Sunday, January 15, 2006

Just the Facts

In the New York Times today, there is an article about the recent trend in book-publishing, in which memoirs are composed of part truth/part fabrication. James Frey recently admitted that some of the worst things that happened to him in his novel "A Million Little Pieces" did not actually happen. The article listed three other recent memoirs that are also partly fictional. The article was not criticizing just the authors for their decisions to sell the books as memoirs, but also the publishing companies, and the general public who seem to have no concern over these little lies.

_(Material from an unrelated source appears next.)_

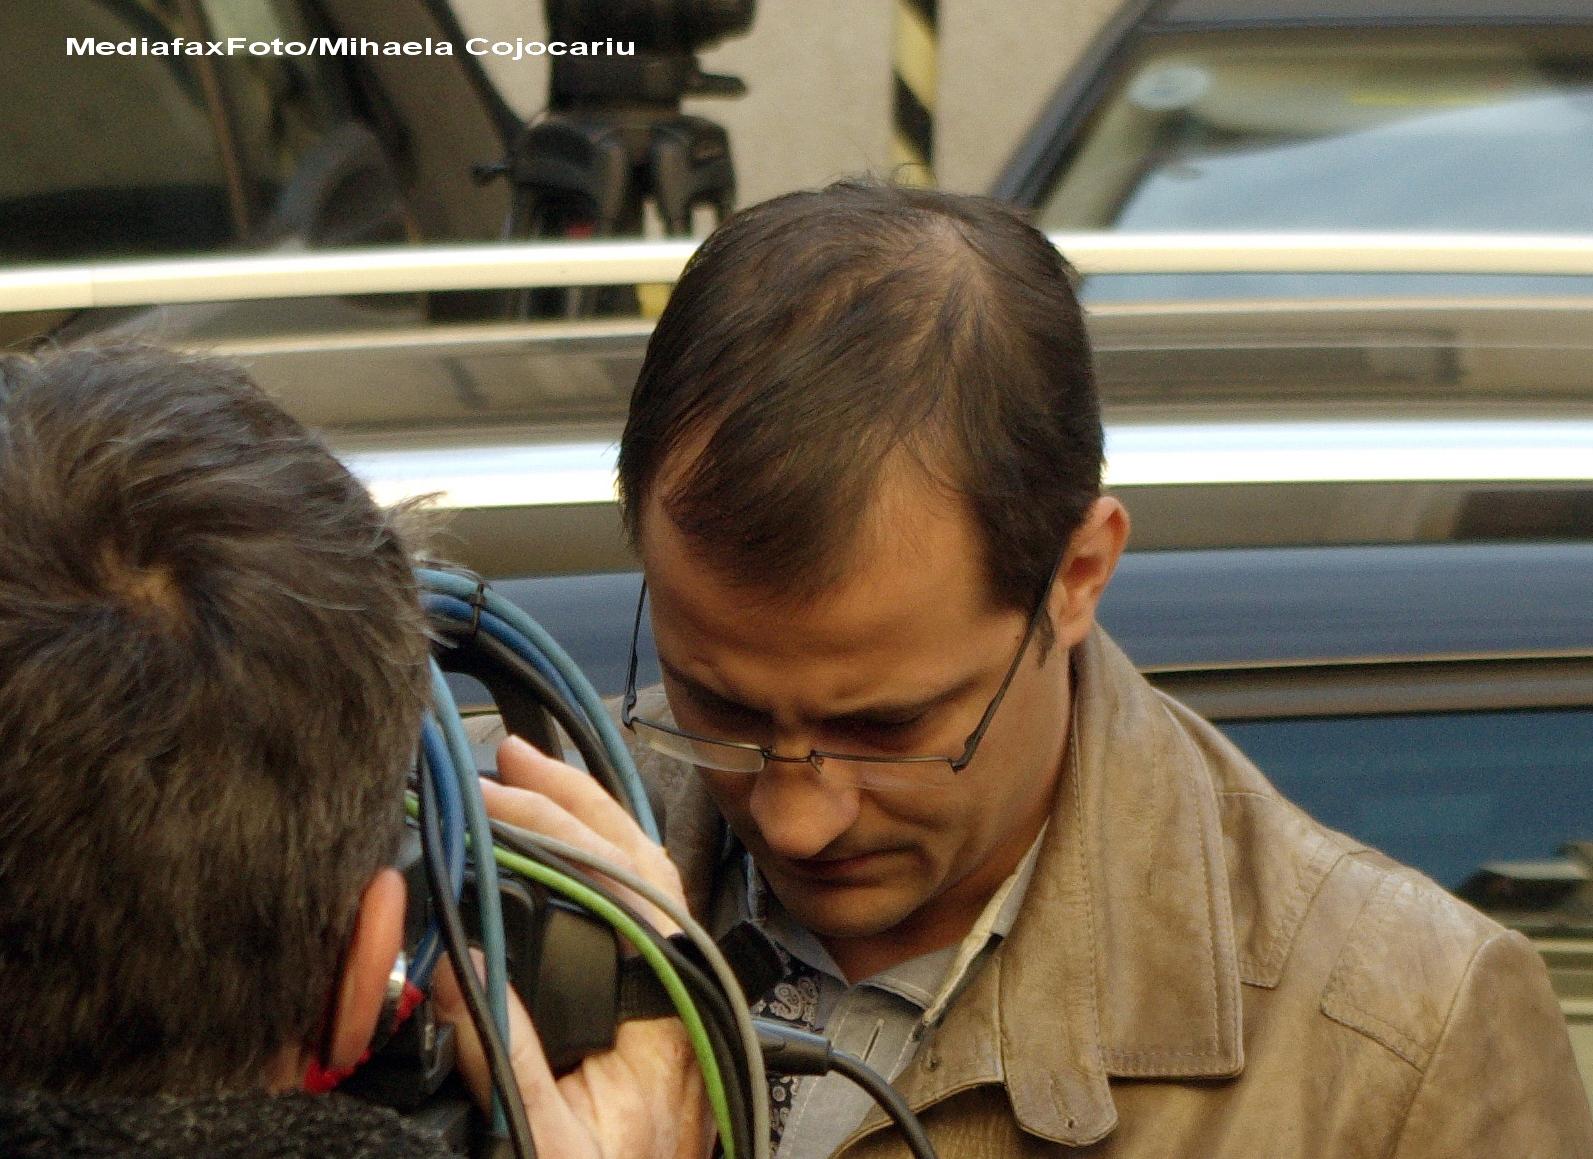 Serban Huidu nu s-a prezentat astazi la proces. Ce au declarat rudele victimelor in instanta

Something about knowing that a book or movie is based on a true story always ropes me in automatically. Now, I feel as if I have been had. And not just once, but repeatedly so. I have been looking forward to reading Augusten Burroughs' Running with Scissors, and have had long conversations comparing Dave Pelzer's experiences to my students. Except many of the things both of these authors wrote about never actually happened.

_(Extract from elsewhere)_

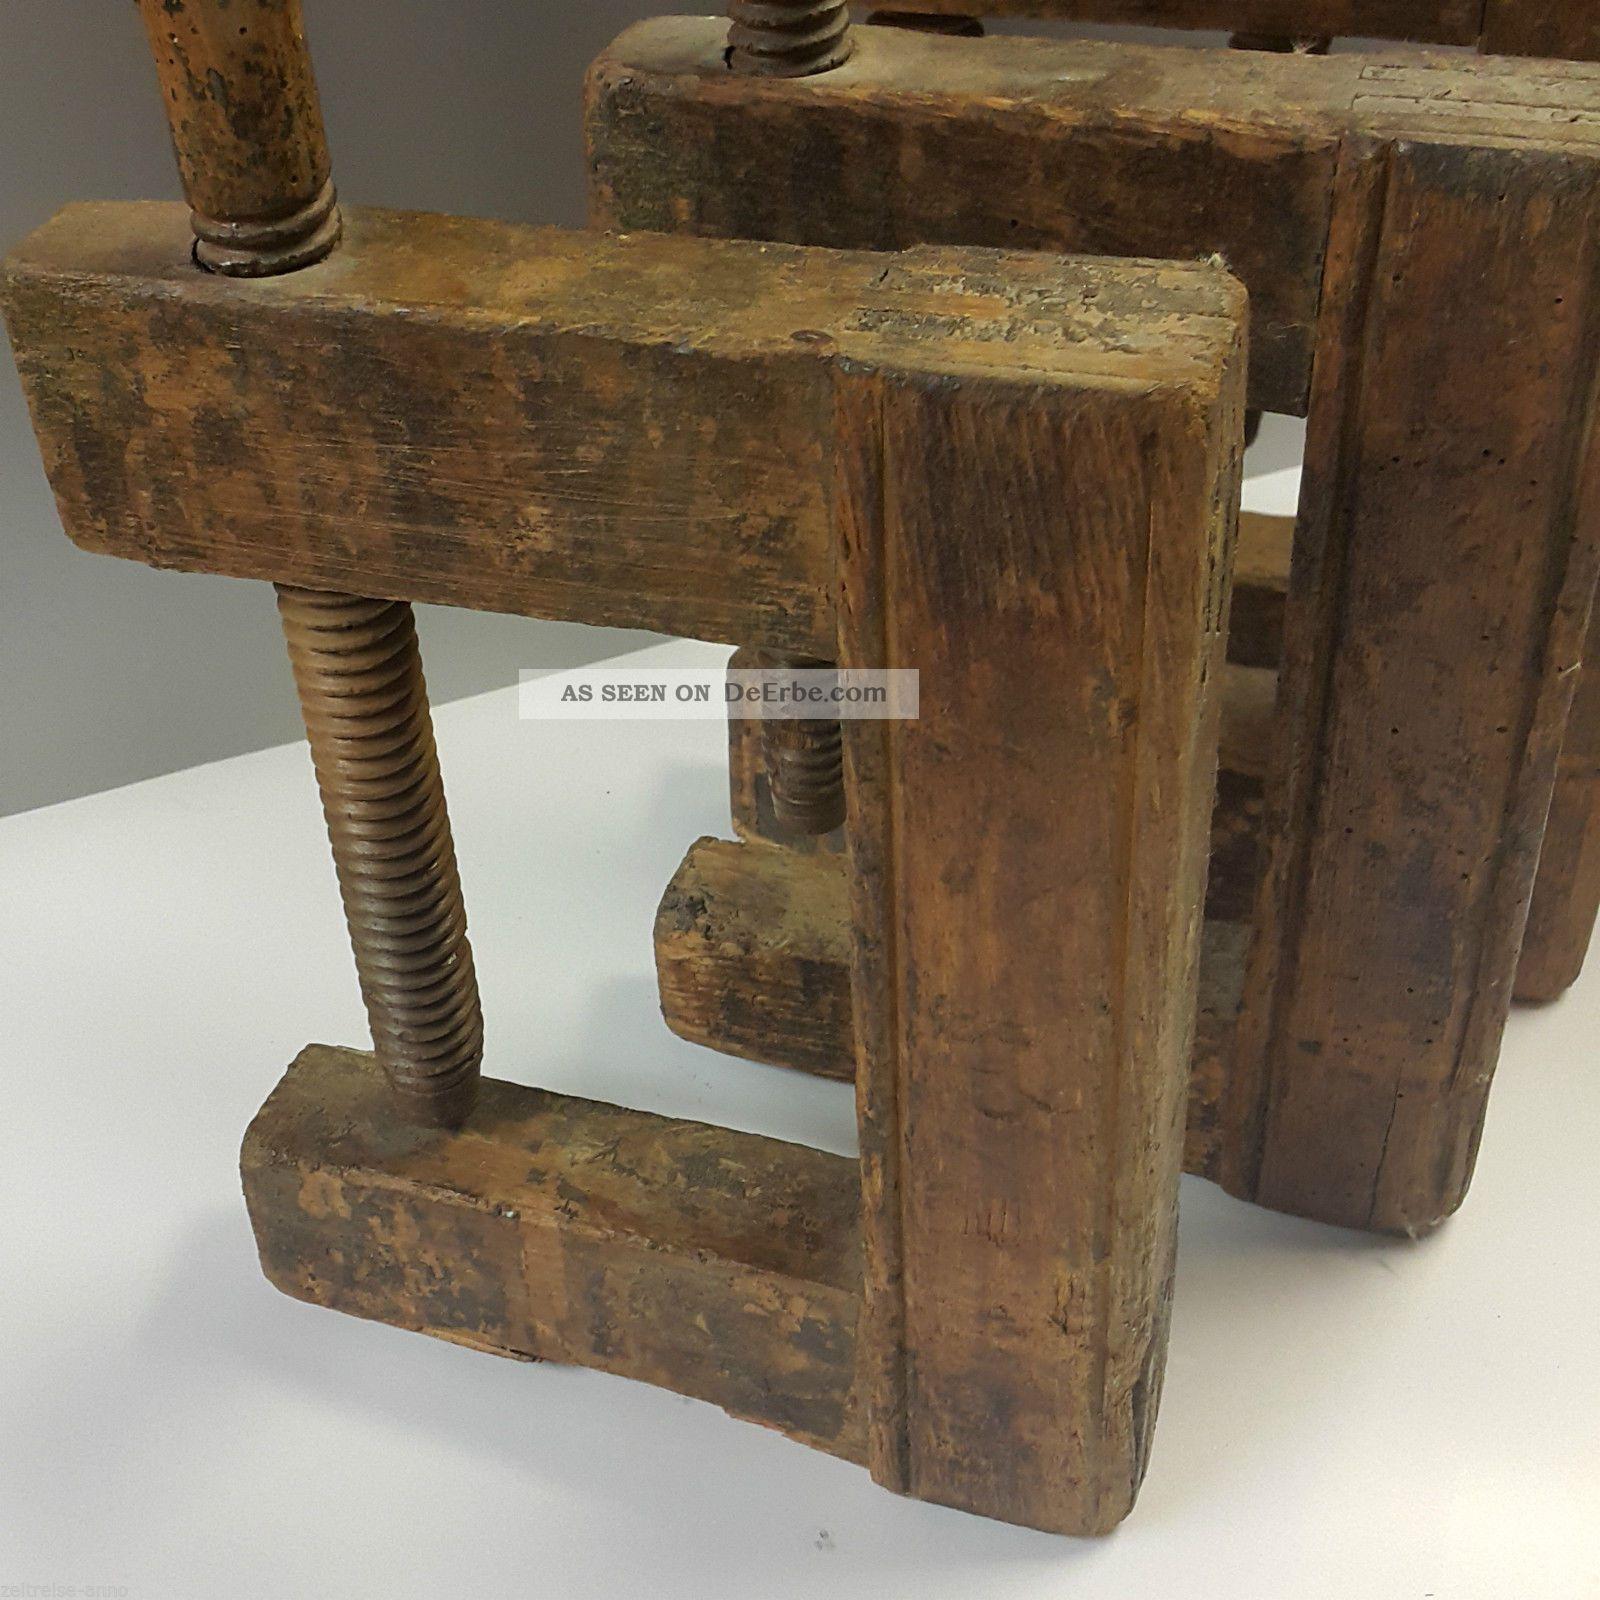 6 antike holz schraubzwingen holzgewinde zimmermann tischler schreiner um 1880. Black Bedroom Furniture Sets. Home Design Ideas

This lack of responsibility is reprehensible. I am disgusted by such choices on the part of the authors, the publishing companies, and the people who publicly support them, such as Oprah. Do we, as the consuming public, hold no standard? Writing is an artform, and if we allow such actions with no consequences of any sort, we show no respect for art. We are slowly making art meaningless.

I have the urge to never let my hands touch these books, but feel like that's just not enough. Maybe instead, I should ask everyone to join me in a slightly larger movement. If you read this and agree with me, then the next time you see one of these books in the nonfiction section of your local bookstore, please move it to the fiction section. Where it belongs.


"Ms. Cornelius" said...

I think lying in a memoir is revolting. Call it fiction if you're going to do that. I would demand my money back if this was a book I owned, but I do not like books where someone obsesses over their life as an addict. I often feel like they still haven't let whatever it was stop controlling them as long as they spend every waking moment thinking about it.

Anonymous said...

Doing this kind of thing in a movie often enhances the experience-- just think of the Blair Witch project and how much scarier it was those few days when people thought it was real. Also, in Fargo, there is a title at the beginning that says it's based on real life, which it isn't. It manipulates the audience. But somehow just doesn't fly in memoirs and literature.